Every line below should be copied exactly; drop the pictures.

__Supplied information__.

*** Begin section ***

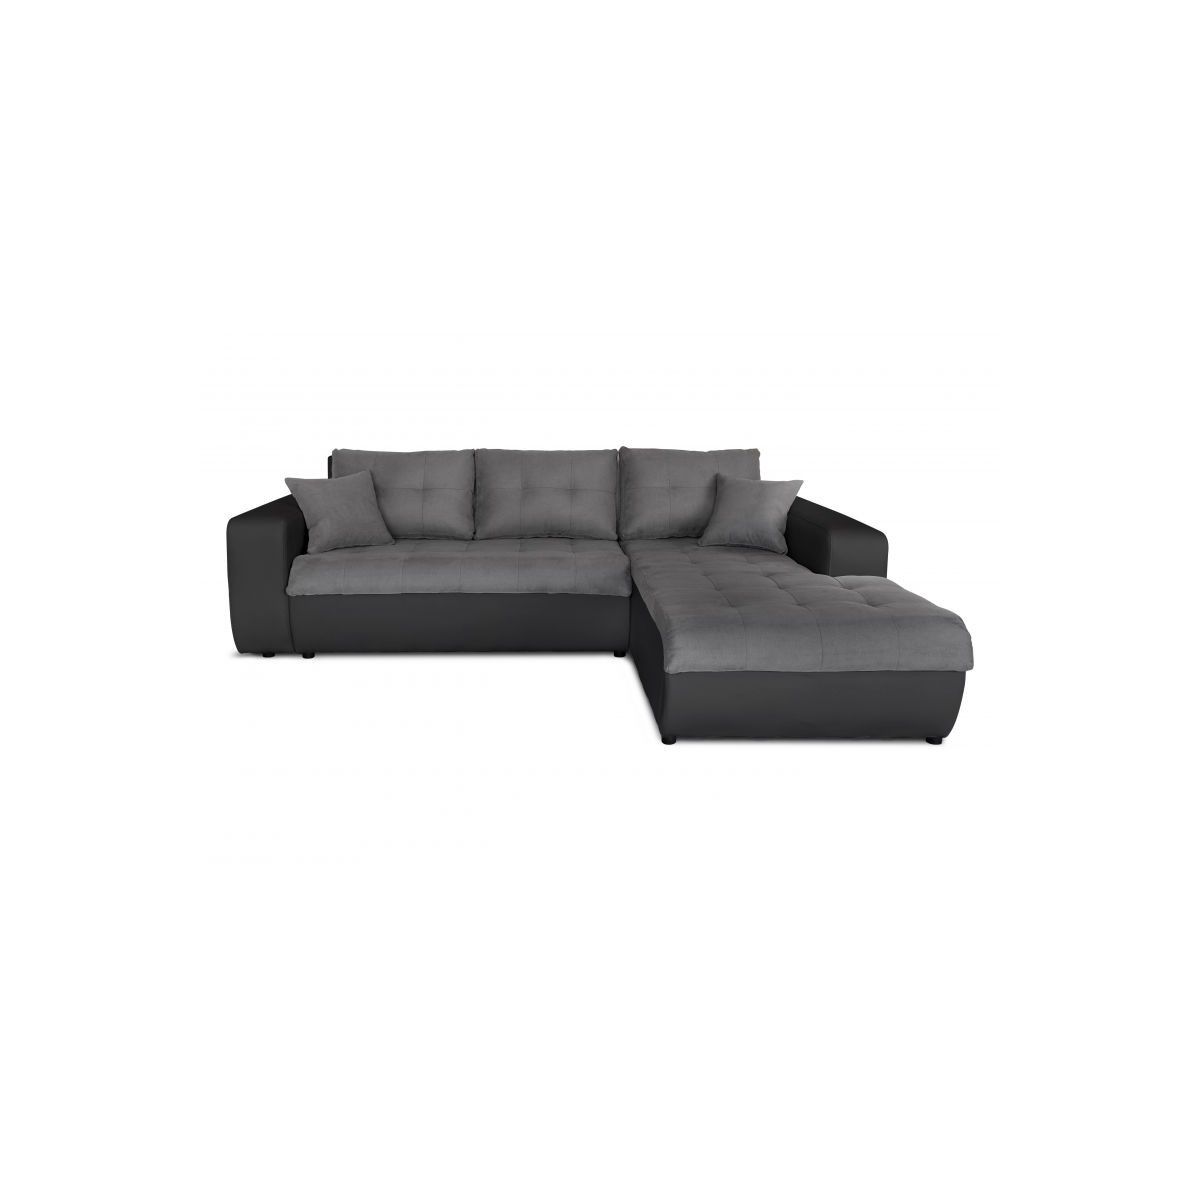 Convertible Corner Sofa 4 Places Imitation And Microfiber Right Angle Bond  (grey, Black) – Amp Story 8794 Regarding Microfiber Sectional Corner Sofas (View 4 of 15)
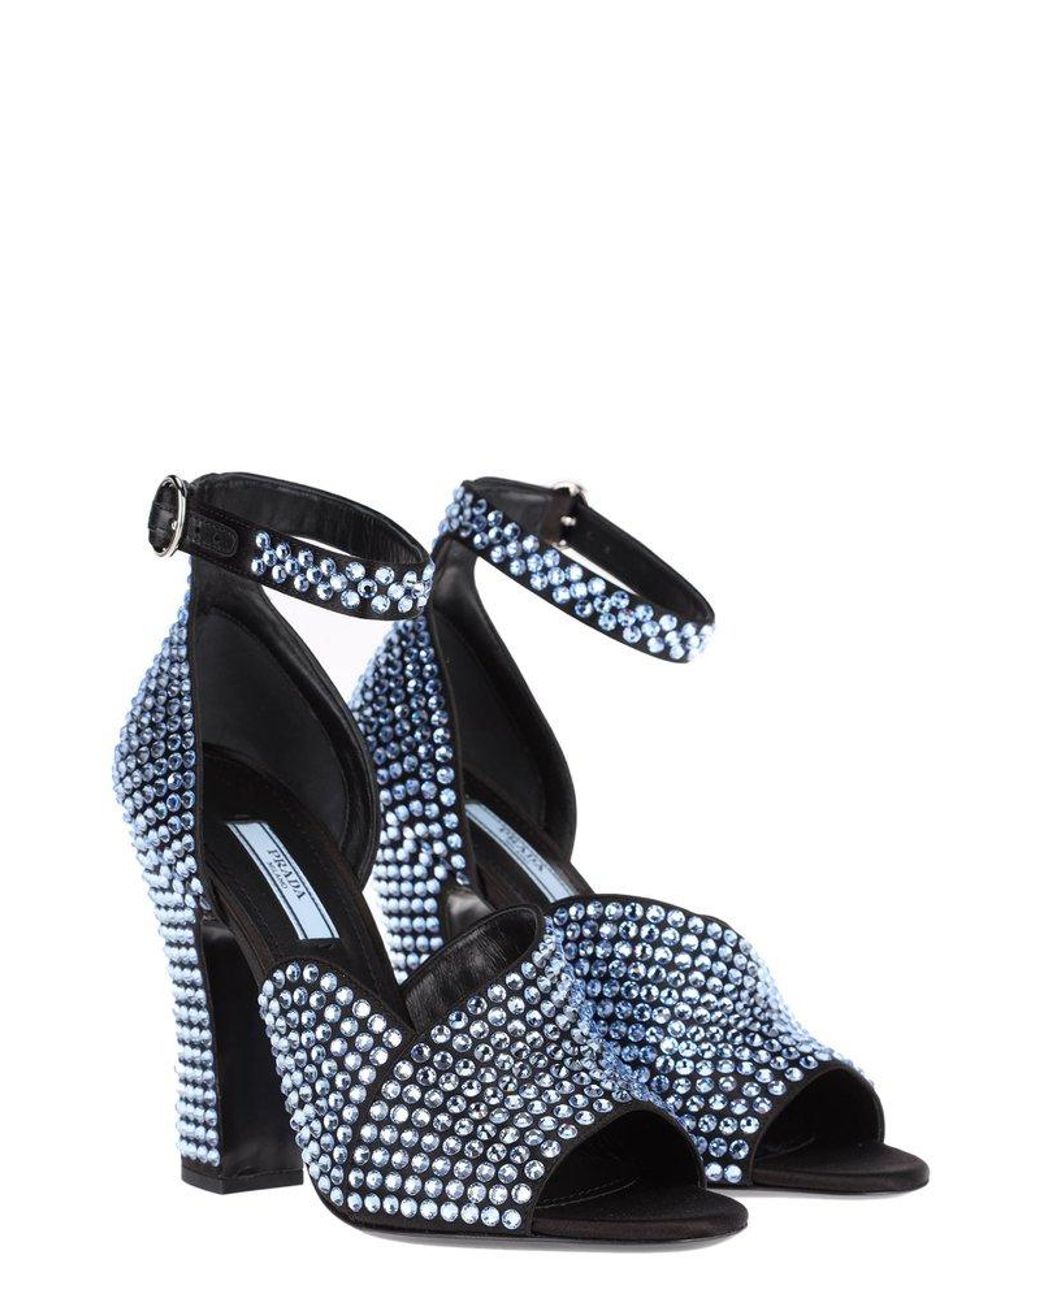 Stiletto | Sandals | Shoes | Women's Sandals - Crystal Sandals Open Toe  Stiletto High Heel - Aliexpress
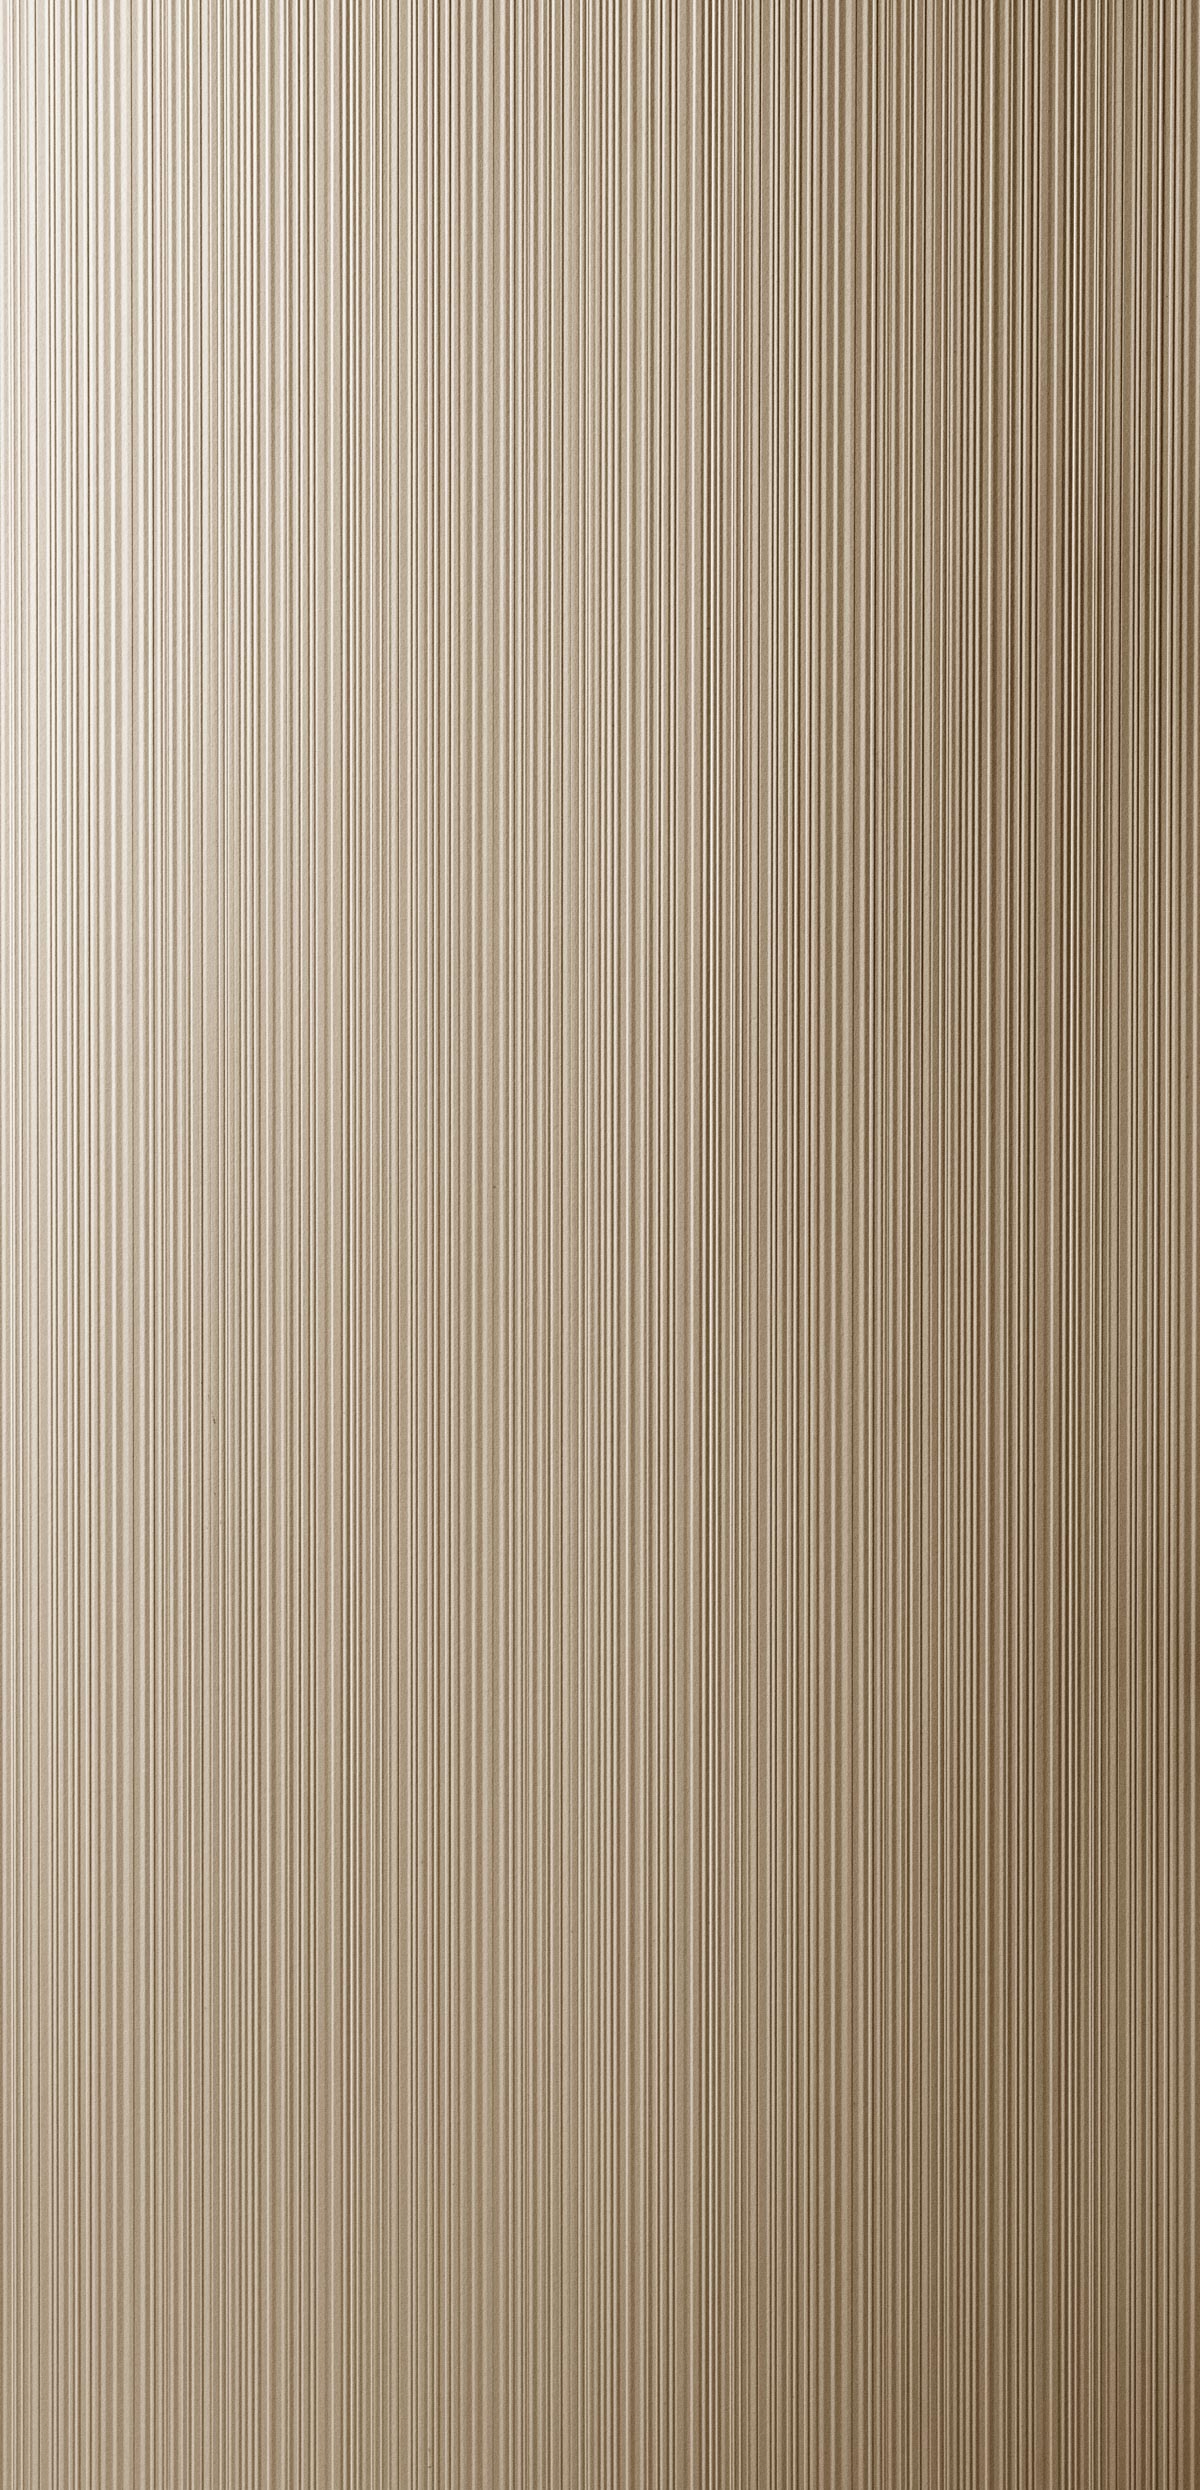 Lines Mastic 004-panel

*** End section ***

__Response to this task__.
 Convertible Corner Sofa 4 Places Imitation And Microfiber Right Angle Bond  (grey, Black) – Amp Story 8794 Regarding Microfiber Sectional Corner Sofas (View 4 of 15)
 Stiletto | Sandals | Shoes | Women's Sandals - Crystal Sandals Open Toe  Stiletto High Heel - Aliexpress
 Lines Mastic 004-panel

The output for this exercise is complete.